The price of Bitcoin and cryptocurrency has been on a rollercoaster ride this year. After a peak in April, they crashed back to earth. Subscribe now to Forbes’ CryptoAsset & Blockchain Advisor to discover the crypto blockbusters that are poised for 1,000% gains.
The rally in bitcoin prices coincided with Coinbase’s Nasdaq-debut, a major U.S. cryptocurrency exchange. This helped to drive interest to the stock, but it failed to stop it from falling with bitcoin prices since April.
Analysts at Wall Street giant Goldman Sachs reiterate their “buy” rating of Coinbase ahead of its closely-watched second-quarter earnings report. They believe that even a lower bitcoin price will be good for Coinbase’s earnings.
The note to clients stated that Coinbase’s trading boom was caused by “significantly elevated crypto asset volatility.” This will result in Coinbase taking in more fees. Coindesk first reported the news.
Goldman Sachs was a financial advisor to Coinbase’s direct listing.
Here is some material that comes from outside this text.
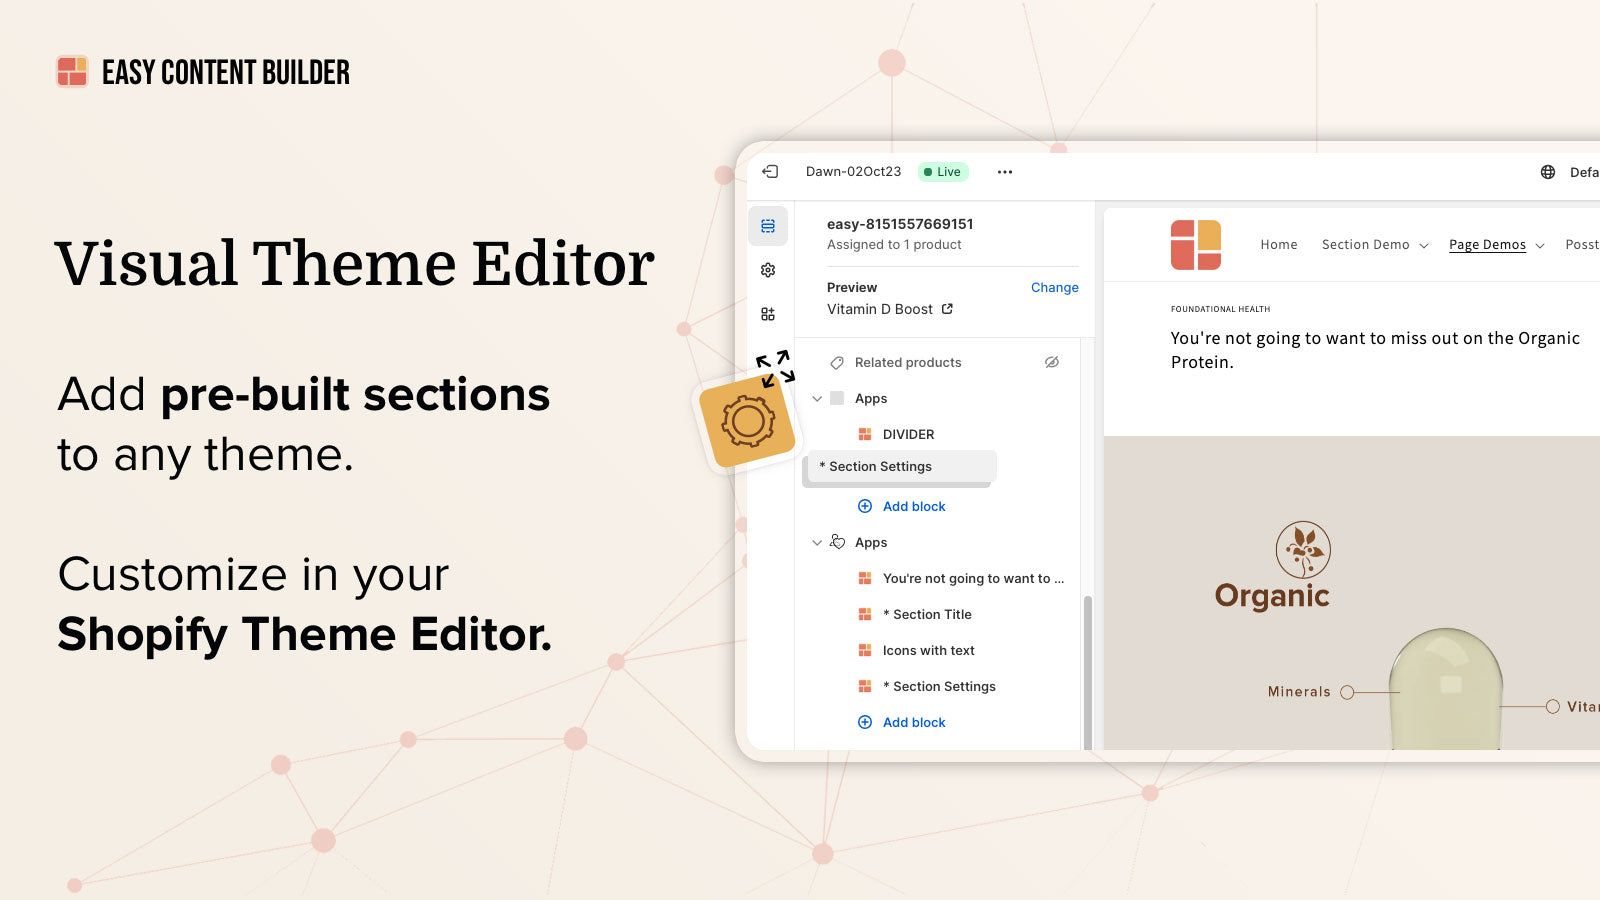 Add sections to any theme, customize in Shopify Theme Editor.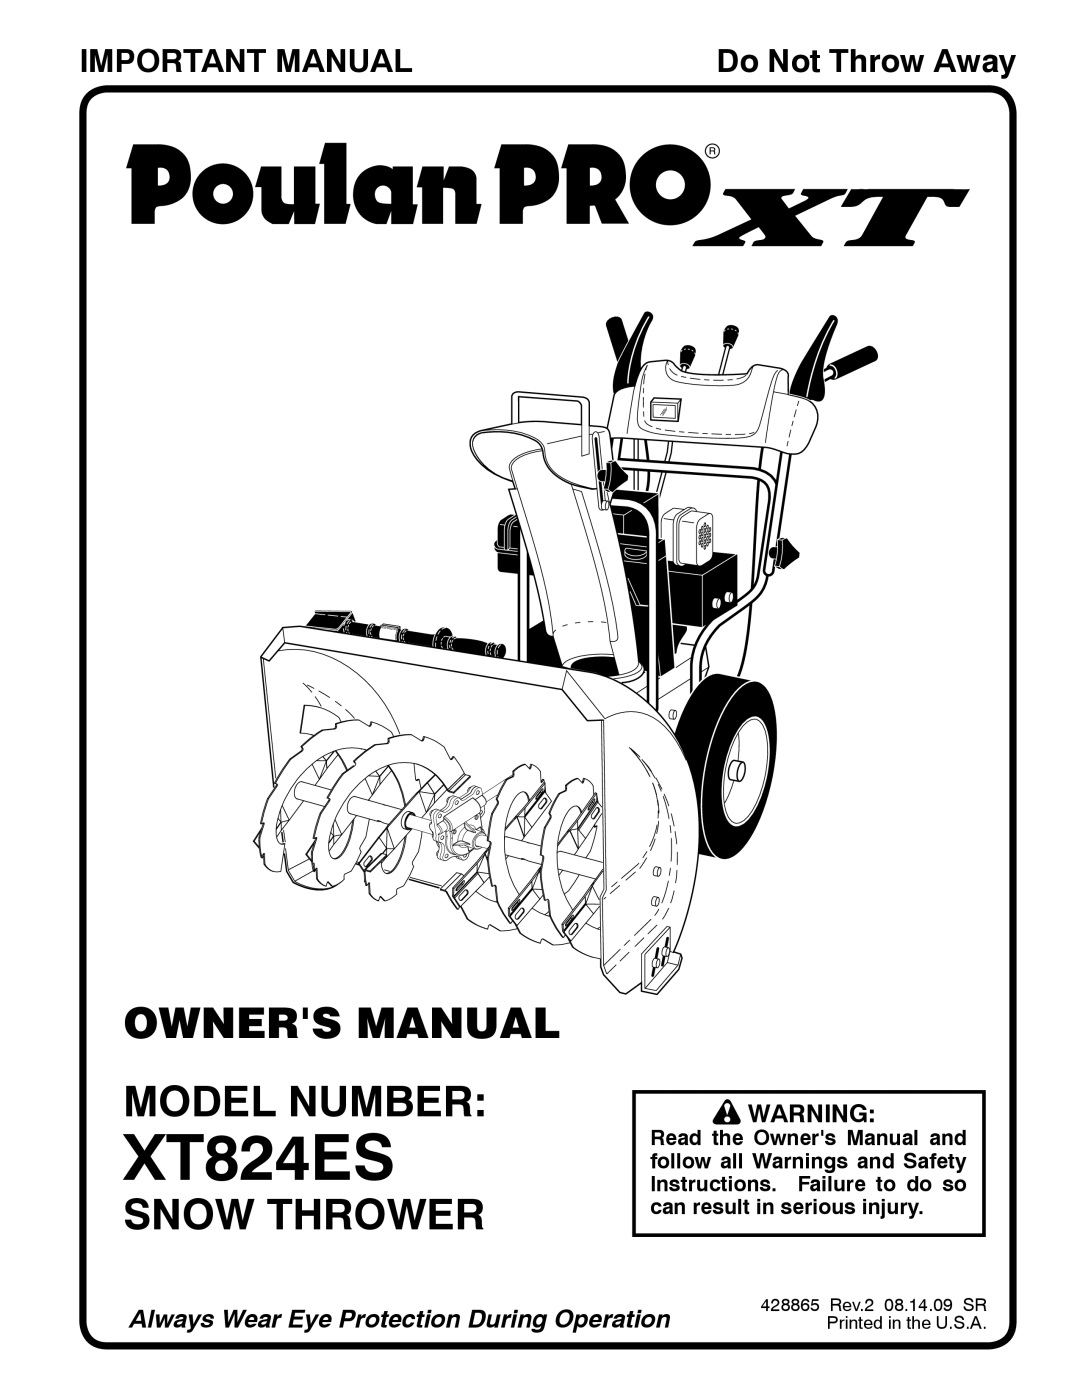 Poulan XT824ES, 96192003300 owner manual Owners Manual Model Number, Snow Thrower, Important Manual, Do Not Throw Away

It cited an earlier analyst report that stated that high fees would continue flowing into the exchange even though bitcoin prices fall further.
The stock price of Coinbase is down by a third since its April peak. China closed down miners, who use powerful computers in China to protect bitcoin and other crypto networks. This caused the crypto sell-off.
Coinbase fees could have been affected by a decline in trading volume across major exchanges following the crypto and bitcoin price crash.
Analysis by CryptoCompare this week revealed that trading volumes at the biggest exchanges, such as Coinbase, Kraken, and Binance, dropped more than 40% in June. Reuters first reported that spot trading volumes fell 42.7% between May and $2.7 trillion. Derivative volumes were down 40.7%, to $3.2 trillion.
CNBC’s Teddy Vallee, Pervalle global chief investment officer, stated that the digital asset ecosystem was punched in its face. Participants are usually very fearful when there is a significant sell-off, and they pull back their chips.